Mohawk, mixed and European, Johnson's mingled brood of followers and relatives defend the hard-won harmony of the Iroquois federation against the inroads of insurgent white settlers who seek "the breakdown of the balance". The authors gleefully revise orthodox history to present the loyalist Mohawks as victims of canting, racist rebels who march into battle under banners such as "Civilisation and death to all savages". But there is nothing smug or glib about this rivetting reversal of two centuries and more of textbook and big-screen platitudes.

Brant and his people keep their side of a firm pact to support the Crown in spite of their outsider status. Indian warriors, Irish and Highlander Catholics, "Papists and pagans" alike fight for King George as "two tribes of masked men". But fight they do, in the face of British equivocations and compromises. Yet in one bloody and colourful skirmish after another, the Indian nations' "Longhouse" begins to crack under the rebel onslaught. George Washington and his raggle-taggle bands of chancers, predators and bigots so far from the upstanding heroes of America's deepest myth seek to drown an ancient culture in "lakes of tears and rivers of blood".

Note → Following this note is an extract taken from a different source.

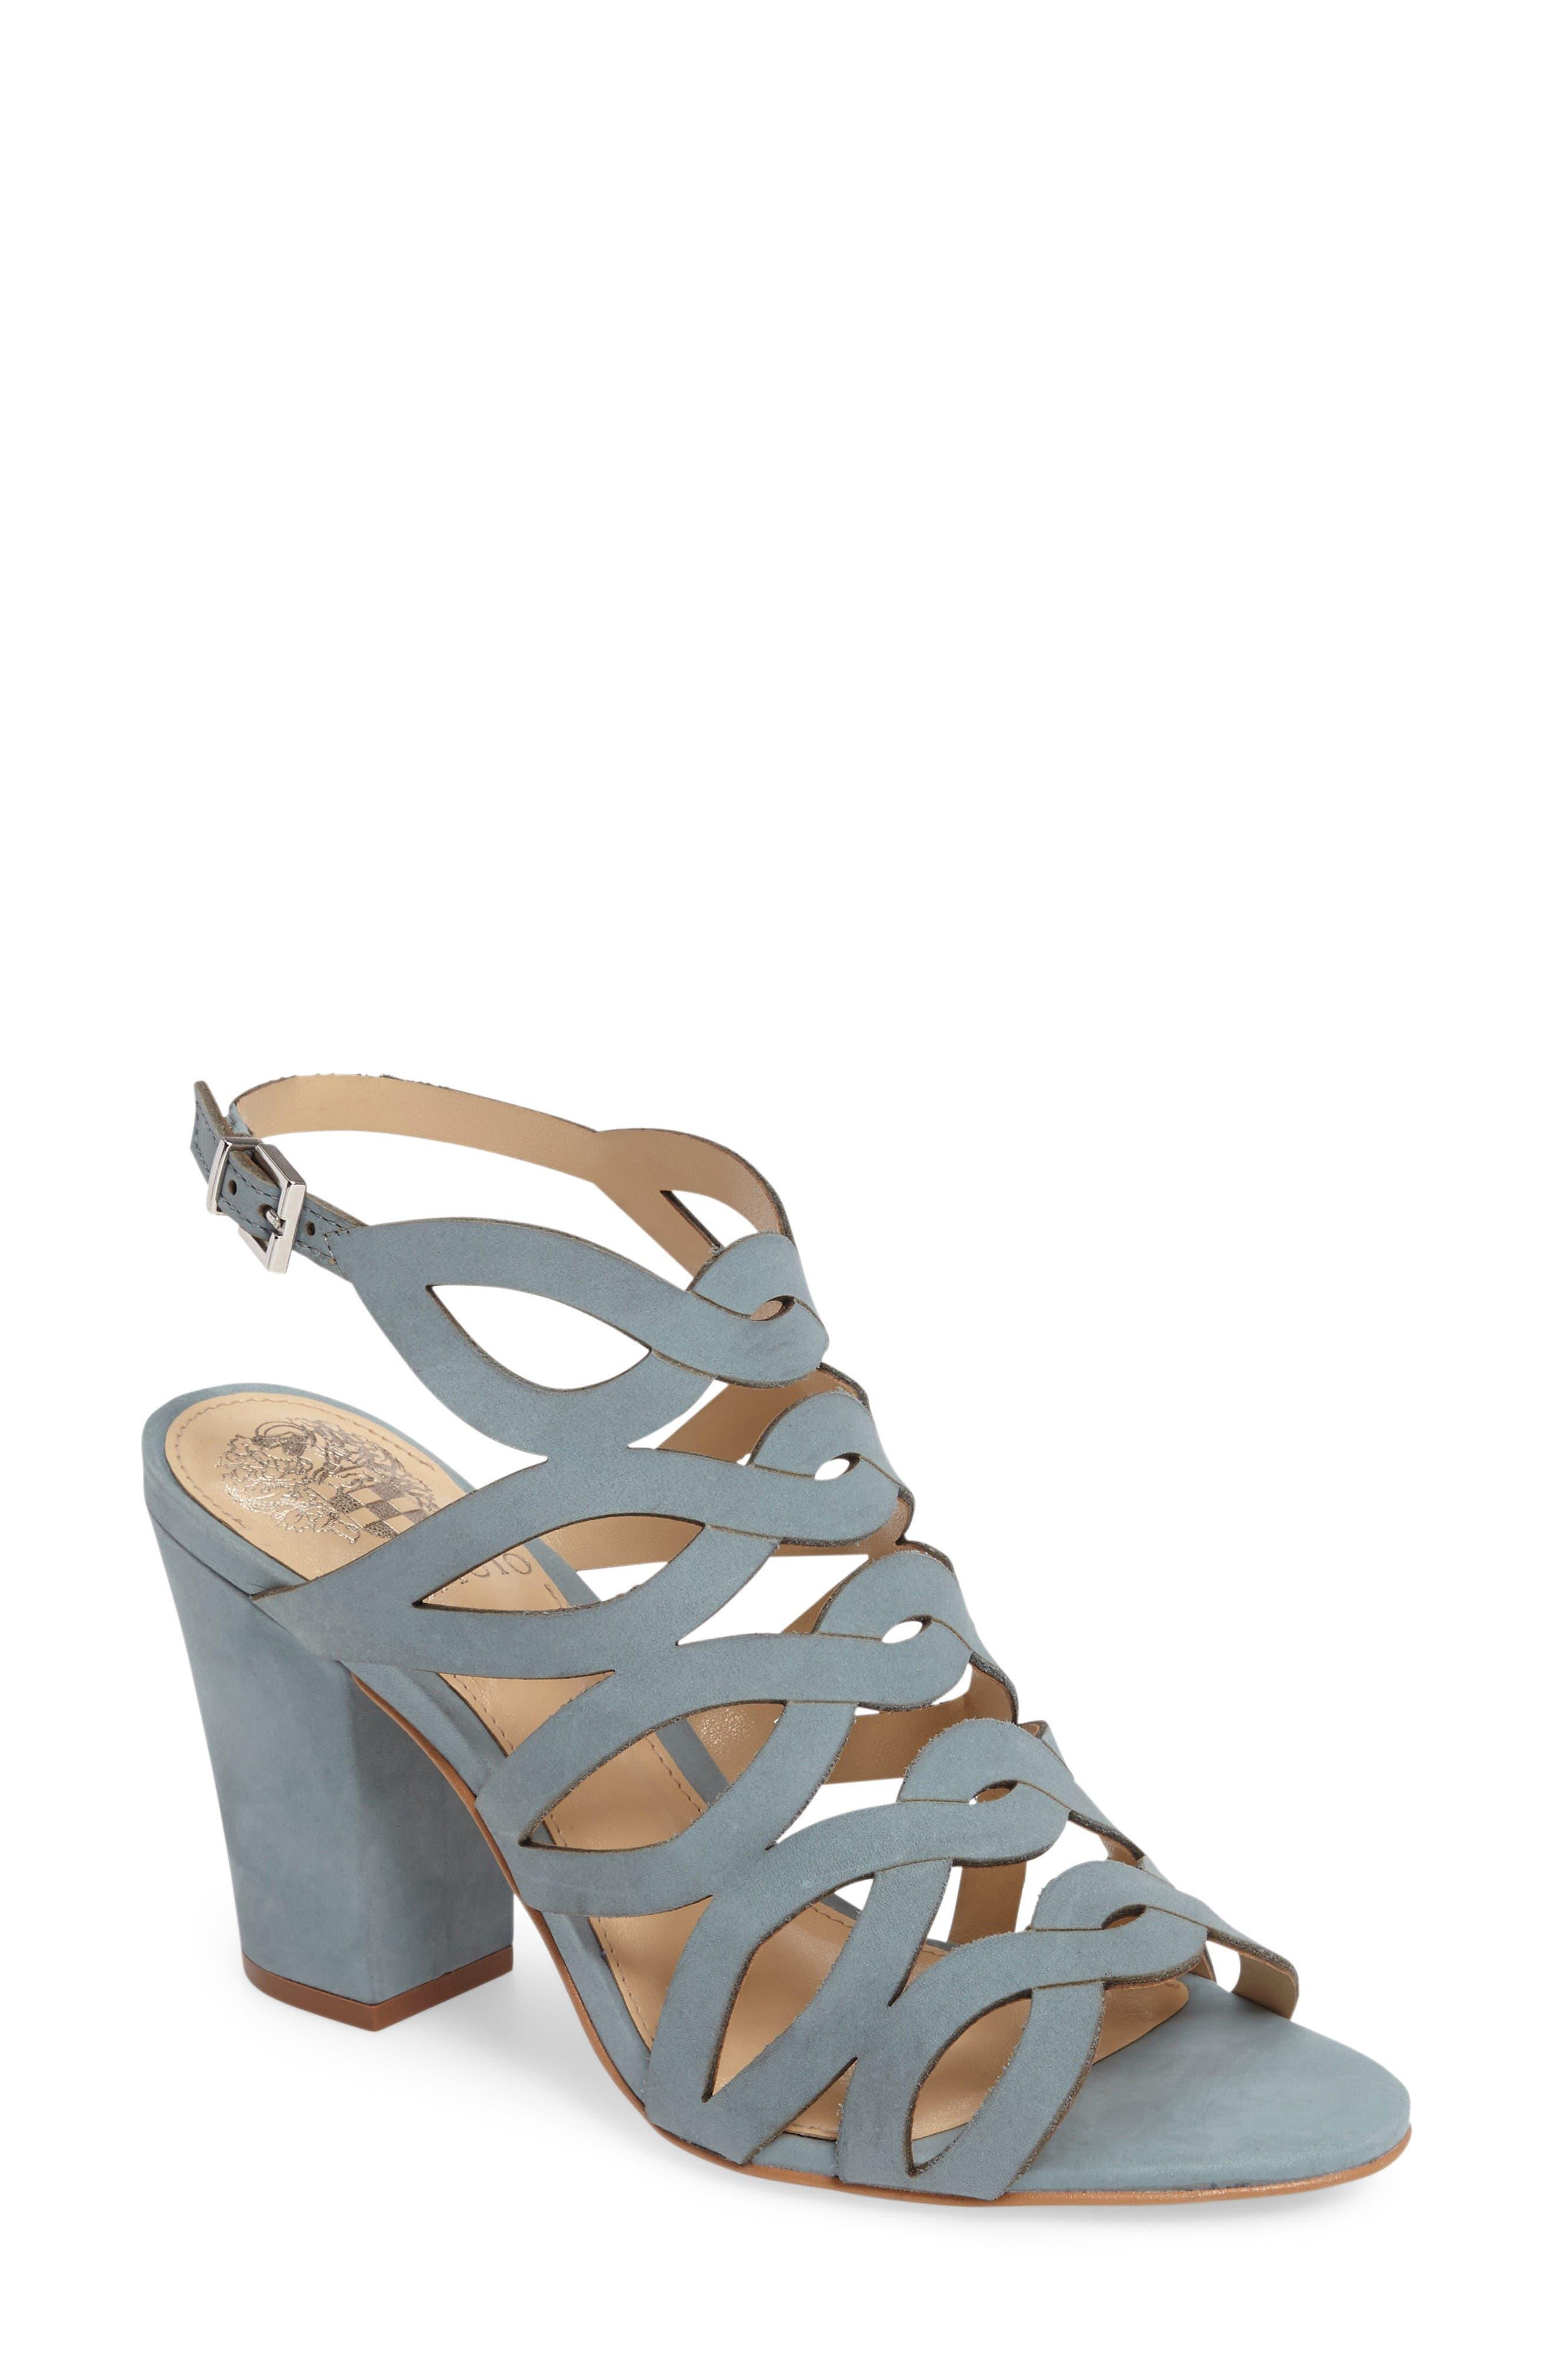 Main Image - Vince Camuto Norla Block Heel Sandal (Women)
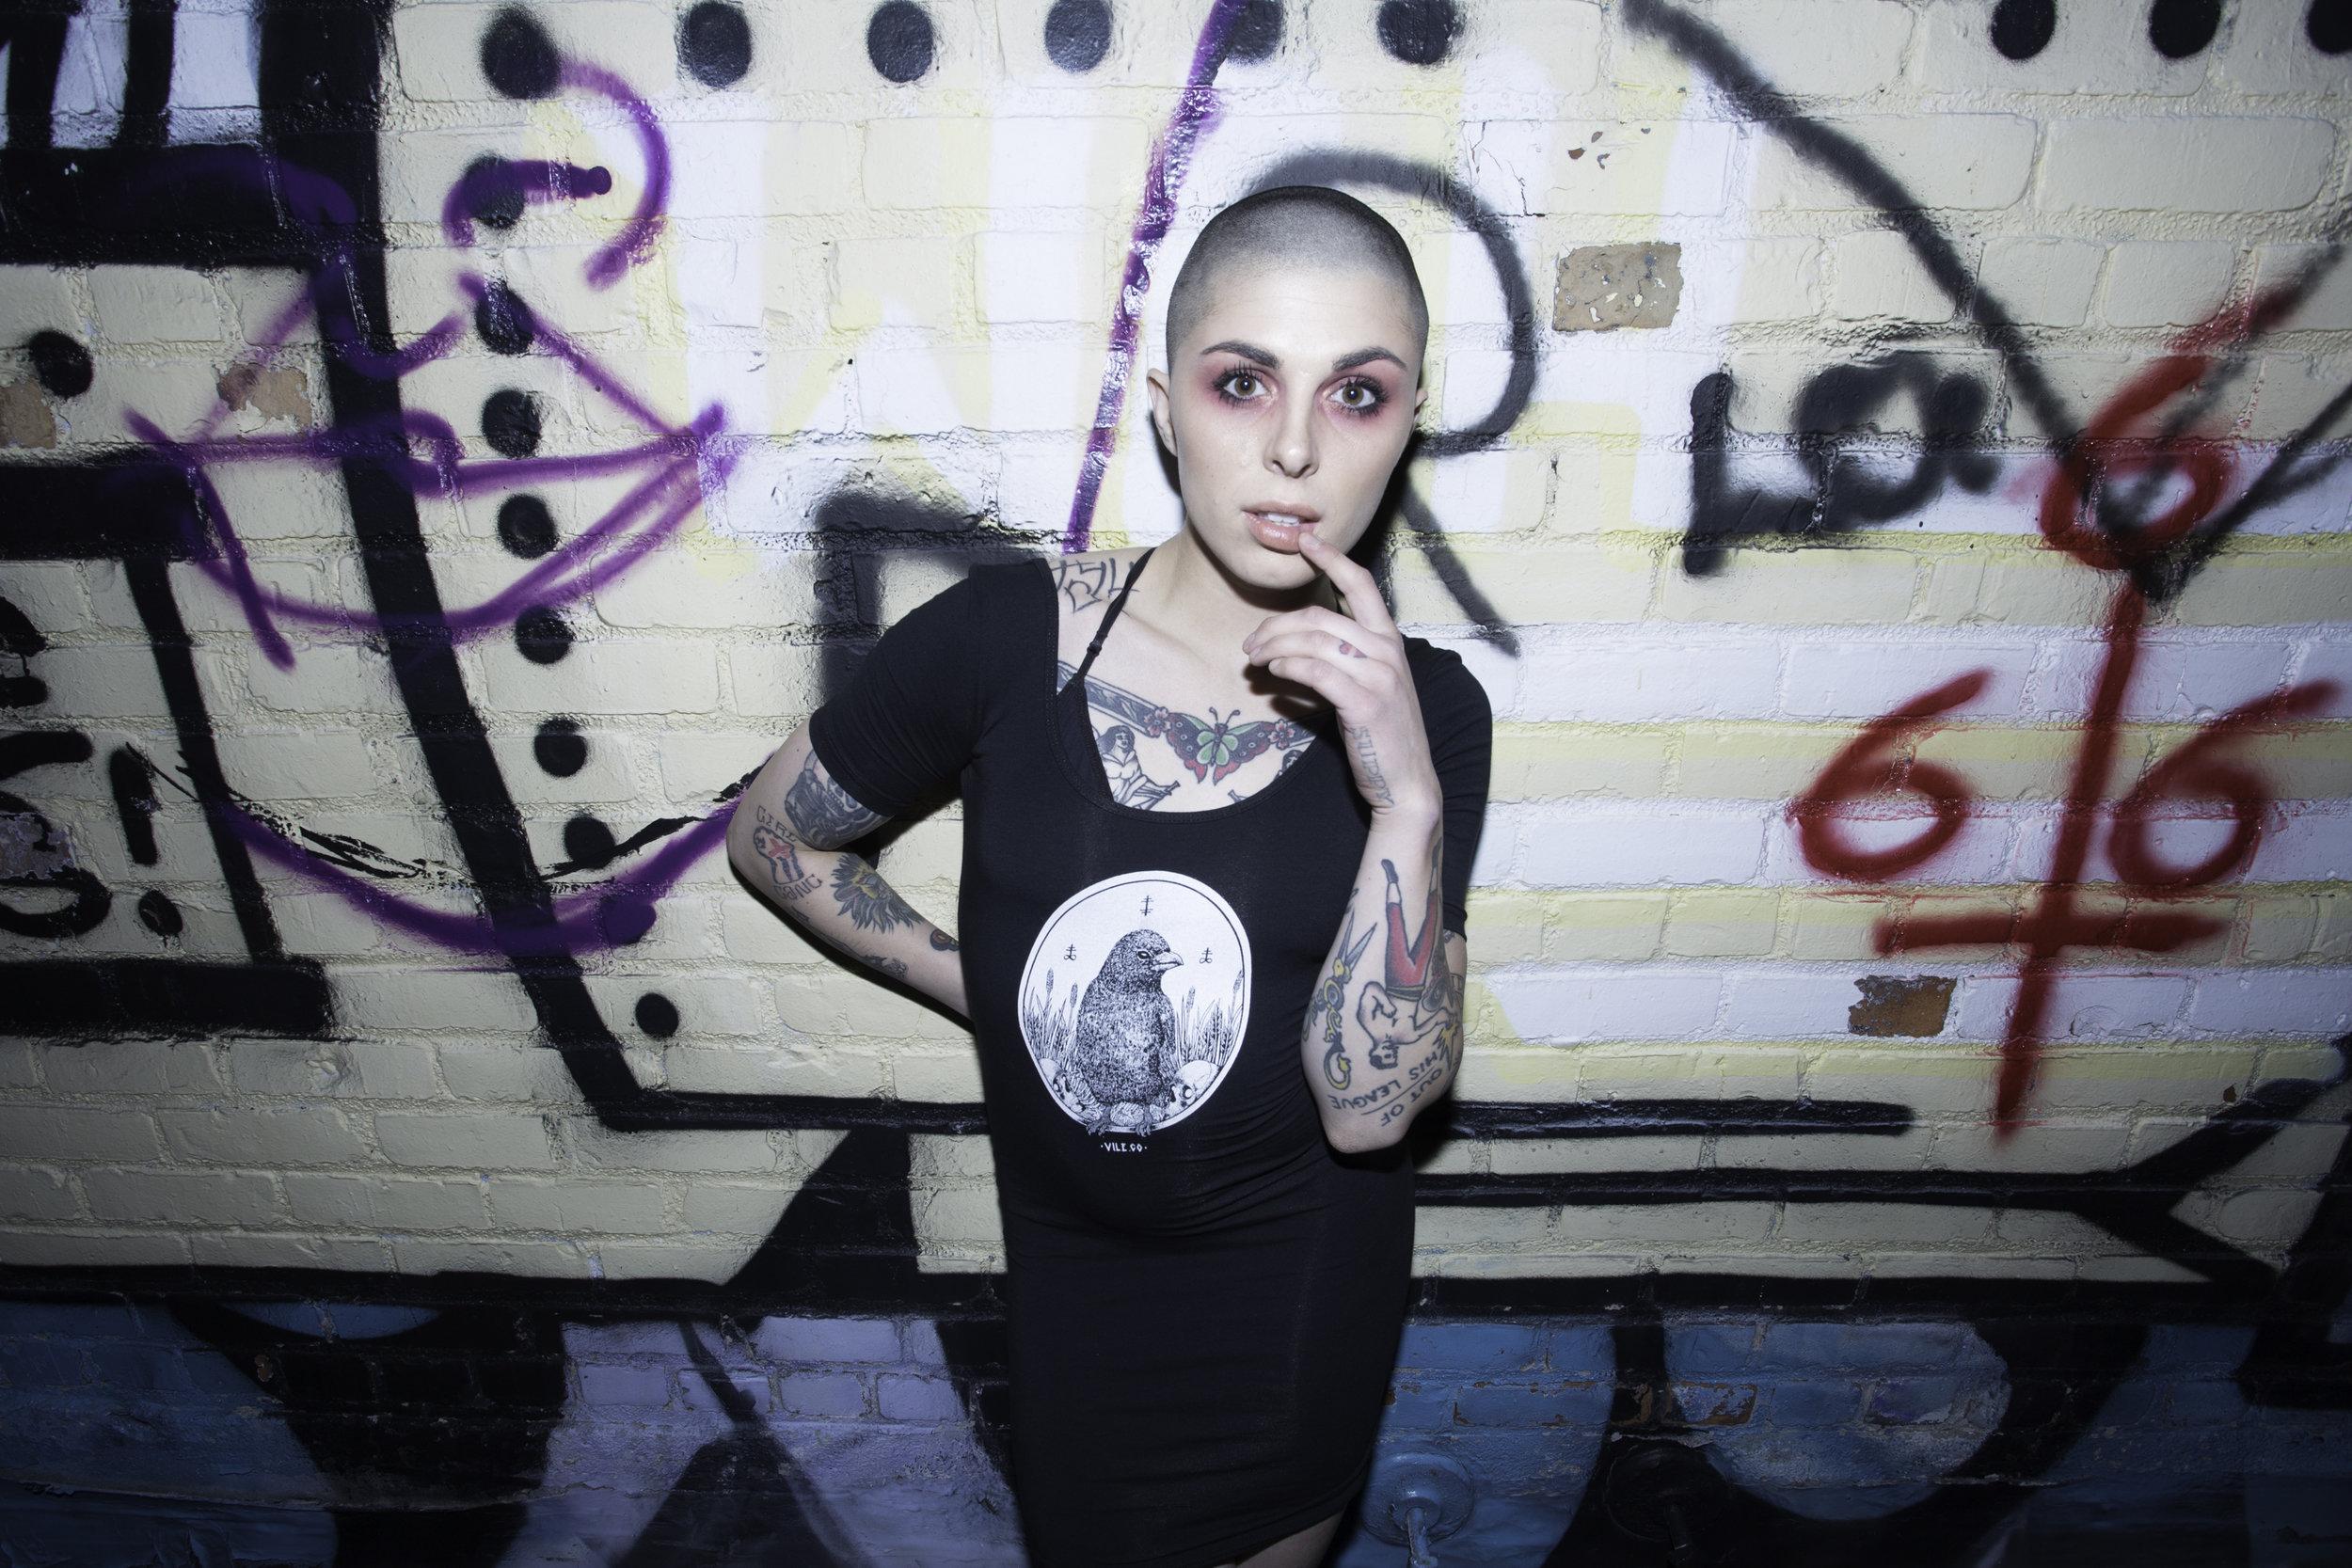 kirby_nevermore_dress_edit1_vile_vileco_vilegirls_girlsofvilecompany_vilecompany_detroit.jpg

What saves the Wu Ming crew from romantic sentimentalism is a trademark sophistication about political ideas and their impact on both words and deeds. Philip, a French captive who has literally gone native to become the Mohawk's fiercest brave, reads Voltaire and Rousseau and reminds a patronising lady that "many European things are circulating in the American forests". Exploring this already hybrid world, Manituana dismantles the delusion of the simple "noble savage" as shrewdly as it debunks the usual patriotic pageantry of 1776 and all that.

A virtuoso middle section (again rooted in real events) sends Brant, Philip and Johnson's son-in-law to London, where they aim to reinforce the Indian alliance of equals with the Crown. Fawned over as a "ceremonial beast" in salons and palaces, Brant also brushes against the squalor and despair of the capital's poor. With a firework display of thieves' cant and gang jargon, an electrifying high point of Shaun Whiteside's swift but subtle translation, the "Mohocks of Soho" who actually existed hint at the grim underclass destiny that lies in store for defeated traditional peoples all around the world. Wu Ming do sometimes graft the preoccupations of today onto the events of yesterday. Philip, for example, has a vision of "a London as big as the world", where free-market individualism has gobbled up the planet and its once-proud communities. Mostly, however, Manituana shuns anachronism as it sets about delivering a fast-flowing, densely peopled, richly decorated story of a precious way of life, and thought, on the brink of the modern abyss. As for Wu Ming and their bewitching fictional fellowship, let's hope that many moons will pass before we see the last of these mysterious Mohicans.